# 相关包调取

In [1]:
import tensorflow as tf
import os
from six.moves import cPickle
import collections
import codecs
import numpy as np
import jieba

ModuleNotFoundError: No module named 'tensorflow'

# 读取数据

In [4]:
# Load the book as a string
FILE_PATH = '/content/drive/My Drive/mine/dataset/zhuxian.txt'

# Raw corpus of the book
corpus_raw = u""

with codecs.open(FILE_PATH, 'r', 'utf-8') as book_file:
    corpus_raw += book_file.read()

print("Corpus is {} characters long".format(len(corpus_raw)))

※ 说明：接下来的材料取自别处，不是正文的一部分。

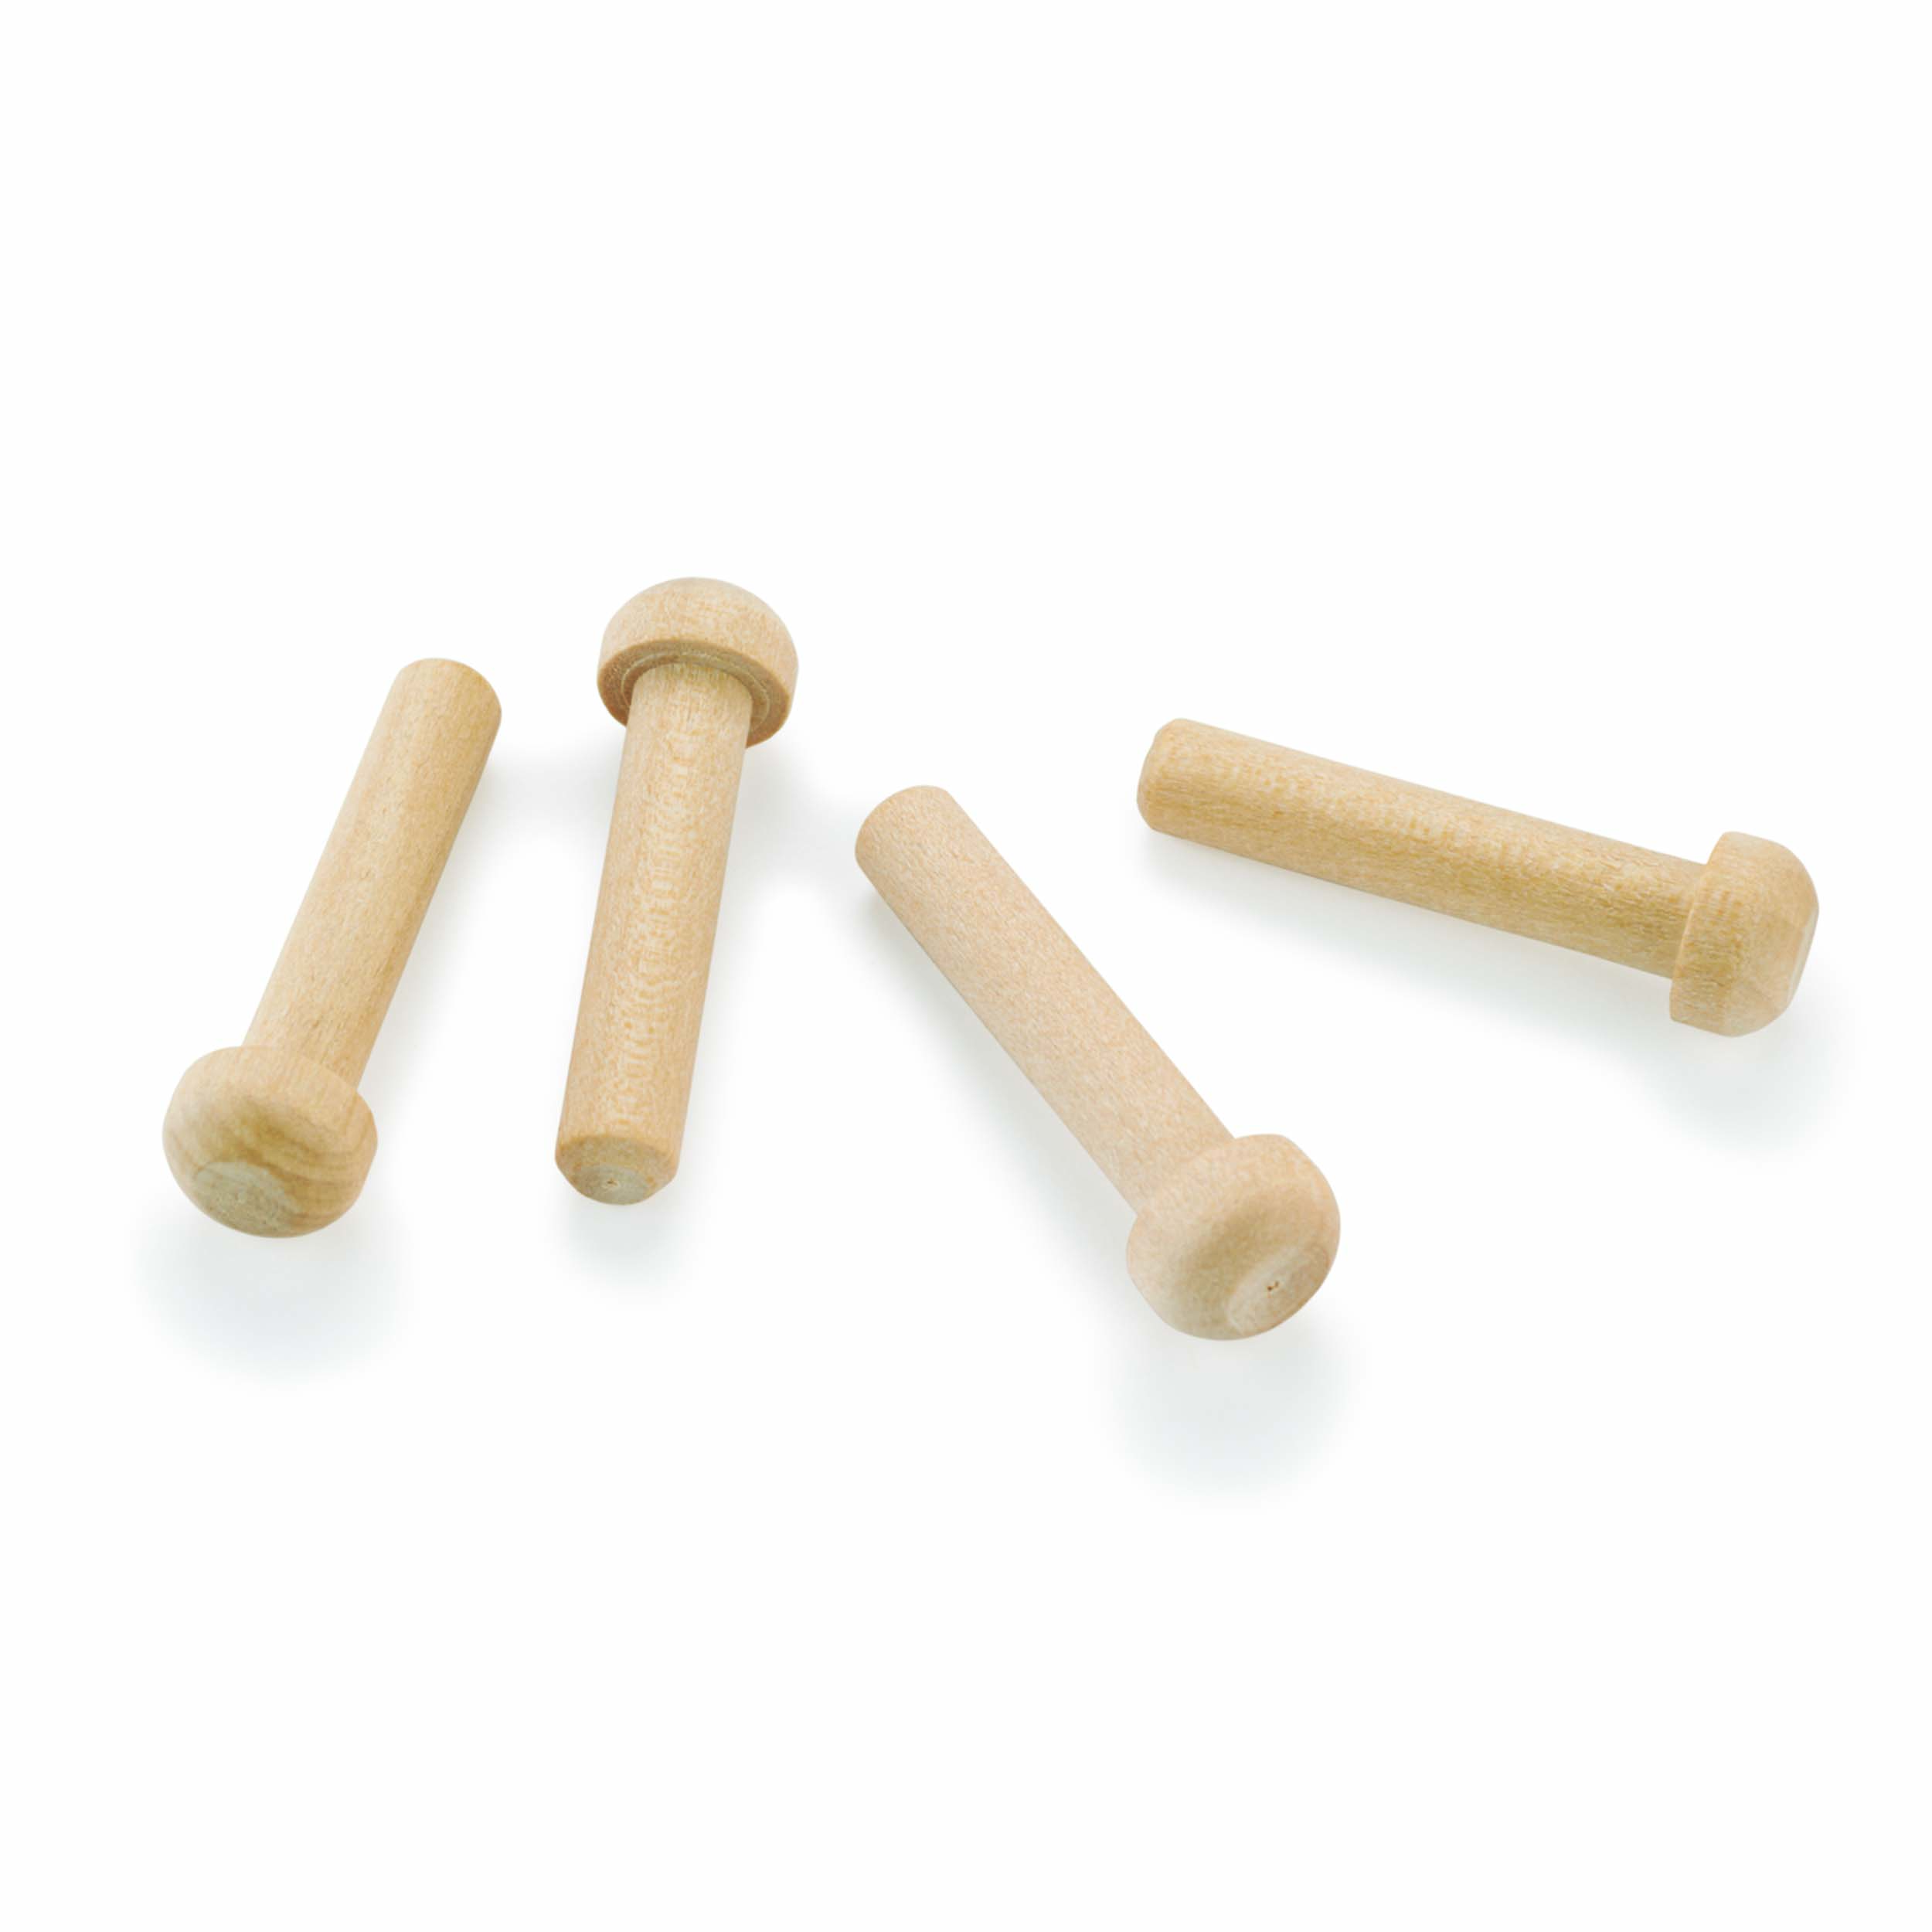 Axle Pegs 7/32 Diameter x 1-3/16 Long, Maple 8-piece

Corpus is 3126568 characters long


In [0]:
USE_SPLIT = True

# 分词

In [6]:
def create_lookup_tables(text, use_split=USE_SPLIT):
  """
  Create lookup tables for vocab
  :param text: The corpus text split into words
  :return: A tuple of dicts (vocab_to_int, int_to_vocab)
  """
  words = list(jieba.cut(text))
  vocab = set(words) if use_split else set(text)
    
  int_to_vocab = {key: word for key, word in enumerate(vocab)}
  vocab_to_int = {word: key for key, word in enumerate(vocab)}
    
  if use_split:
      text_index = [vocab_to_int[word] for word in words]
  else:
      text_index = [vocab_to_int[word] for word in text]
    
  return vocab_to_int, int_to_vocab, text_index


vocab_to_int, int_to_vocab, corpus_int = create_lookup_tables(corpus_raw)
print("Vocabulary size: {}, number of Chinese words in text: {}".format(len(corpus_int), len(vocab_to_int)))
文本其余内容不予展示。